Here's merge-frames that merges a pair of frames:

(defun merge-frames (f1 f2)
  (if (null f1)
    f2
    (let ((var (caar f1))
          (val (cdar f1)))
      (let ((extension (extend-if-possible var val f2)))
        (if (equal extension 'failed)
          'failed
          (merge-frames (cdr f1) extension))))))

And this is merge-frame-streams that merges two streams of frames, using merge-frames for each pair:

(defun merge-frame-streams (s1 s2)
  "Tries to merge each frame of s1 with each frame
  of s2. Returns the stream of successful merges." 
  (stream-flatmap
    (lambda (f1)
      (stream-filter
        (lambda (f) (not (equal f 'failed)))
        (stream-map
          (lambda (f2)
            (merge-frames f1 f2))
          s2)))
    s1))

conjoin can then be written thus:

(defun conjoin (conjuncts frame-stream)
  (if (empty-conjunction? conjuncts)
    frame-stream
    (merge-frame-streams
      (qeval (first-conjunct conjuncts) frame-stream)
      (conjoin (rest-conjuncts conjuncts) frame-stream))))

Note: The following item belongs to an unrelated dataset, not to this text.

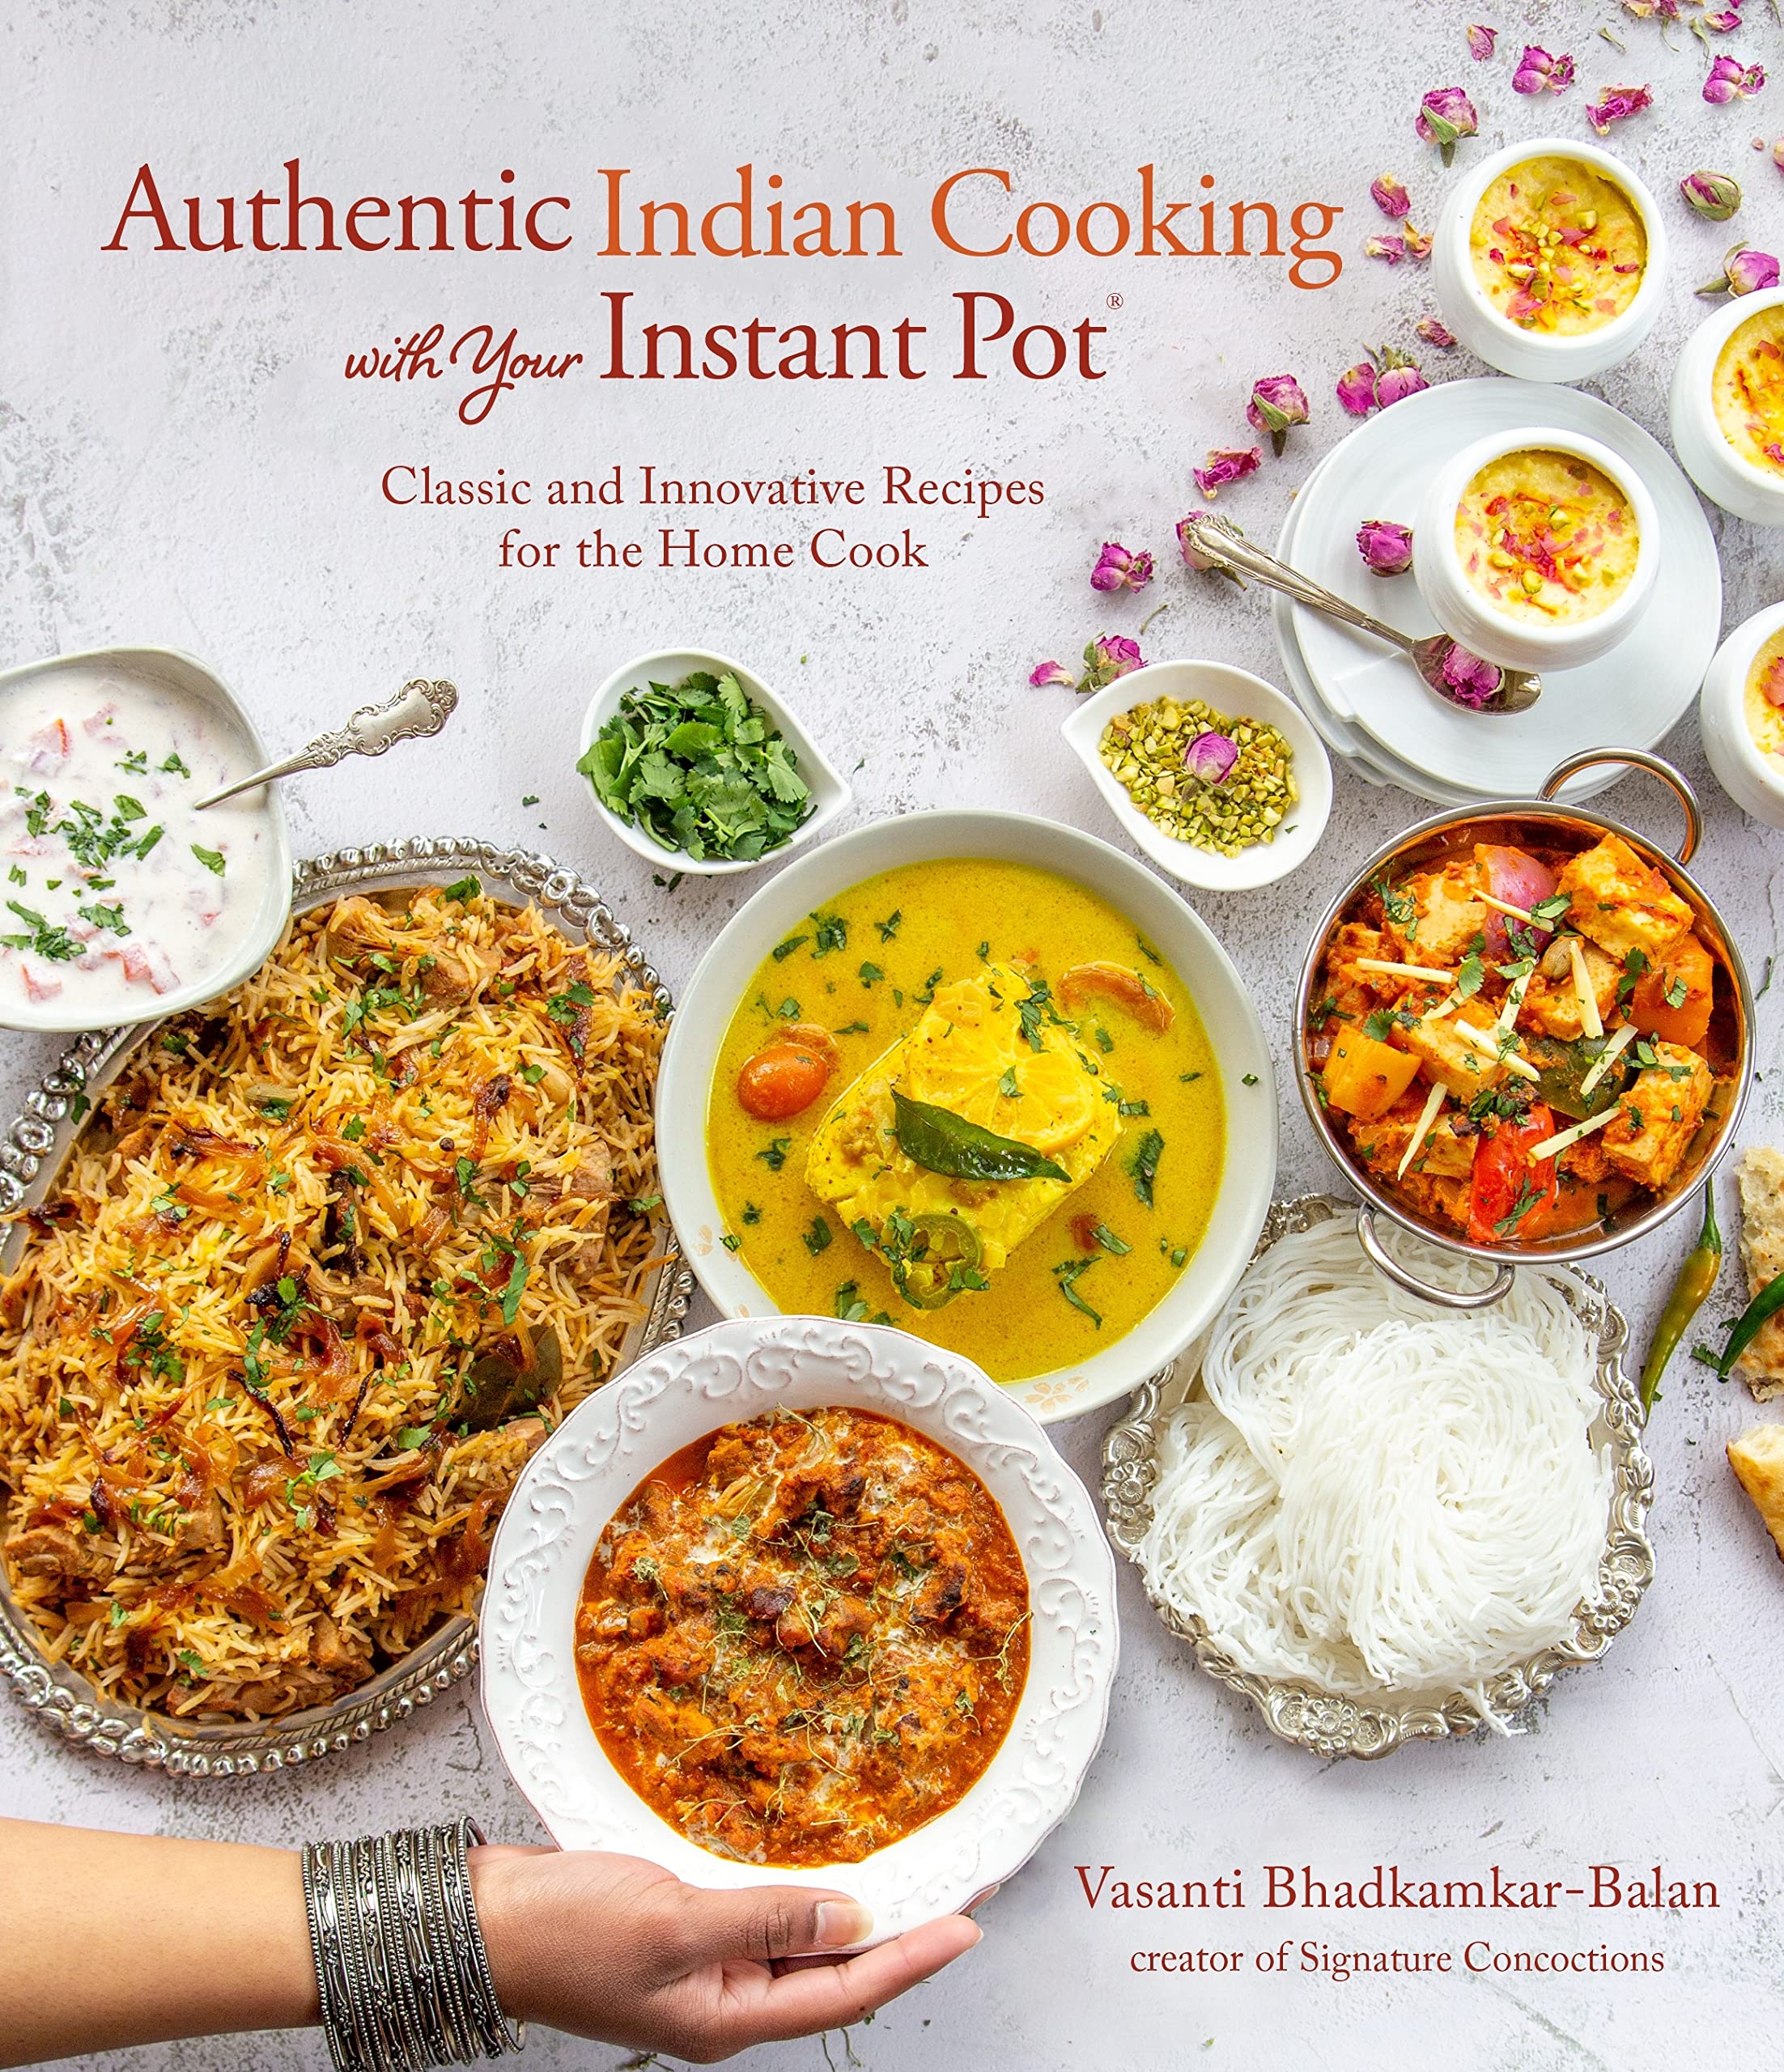 Authentic Indian Cooking with Your Instant Pot: Classic and Innovative Recipes for the Home Cook (Vasanti Bhadkamkar-Balan) *Signed*

This works satisfactorily, in most cases. For example:

(qinterpret
  '(and 
    (job ?x ?j) 
    (supervisor ?x (bitdiddle ben))
    (salary ?x 25000)))
=>
(AND (JOB (TWEAKIT LEM E) (COMPUTER TECHNICIAN)) (SUPERVISOR (TWEAKIT LEM E) (BITDIDDLE BEN))
 (SALARY (TWEAKIT LEM E) 25000))

; the 'grandson' rule uses /and/
(qinterpret
  '(grandson ?d ?w))
=>
(GRANDSON MEHUJAEL LAMECH)
(GRANDSON IRAD METHUSHAEL)
(GRANDSON ENOCH MEHUJAEL)
(GRANDSON CAIN IRAD)
(GRANDSON ADAM ENOCH)

However, there are also problems. For example, consider this:

(qinterpret
  '(and 
    (job ?x ?j) 
    (not (supervisor ?x (bitdiddle ben)))))
=>

It should have printed out many items, but it doesn't. This is because of the problem with not described in section 4.4.3; not needs something to filter, and the new implementation of conjoin simply runs it on the full input frame stream, and merges the result.

A more serious error with this approach happens when resursive rules are used. When this rule is added to the Biblical hierarchy database:

(qinterpret
  '(assert!
    (rule (son ?m ?s)
          (and
            (wife ?m ?w)
            (son ?w ?s)))))

The evaluator goes into an infinite loop when matching son rules. This is because the son rule invokes another son rule in the and expression, and with the new implementation of conjoin this call is not on a reduced set of frames.

I suppose the authors didn't make a mistake with their suggestion, but it's rather a problem with my implementation. I'll be glad if someone points me to it.

1 In the authors' implementation, an assertion is indexable if its first element is either a constant or a variable name, but not a list.

2 Recall that a singleton stream is simply an element wrapped up as a stream.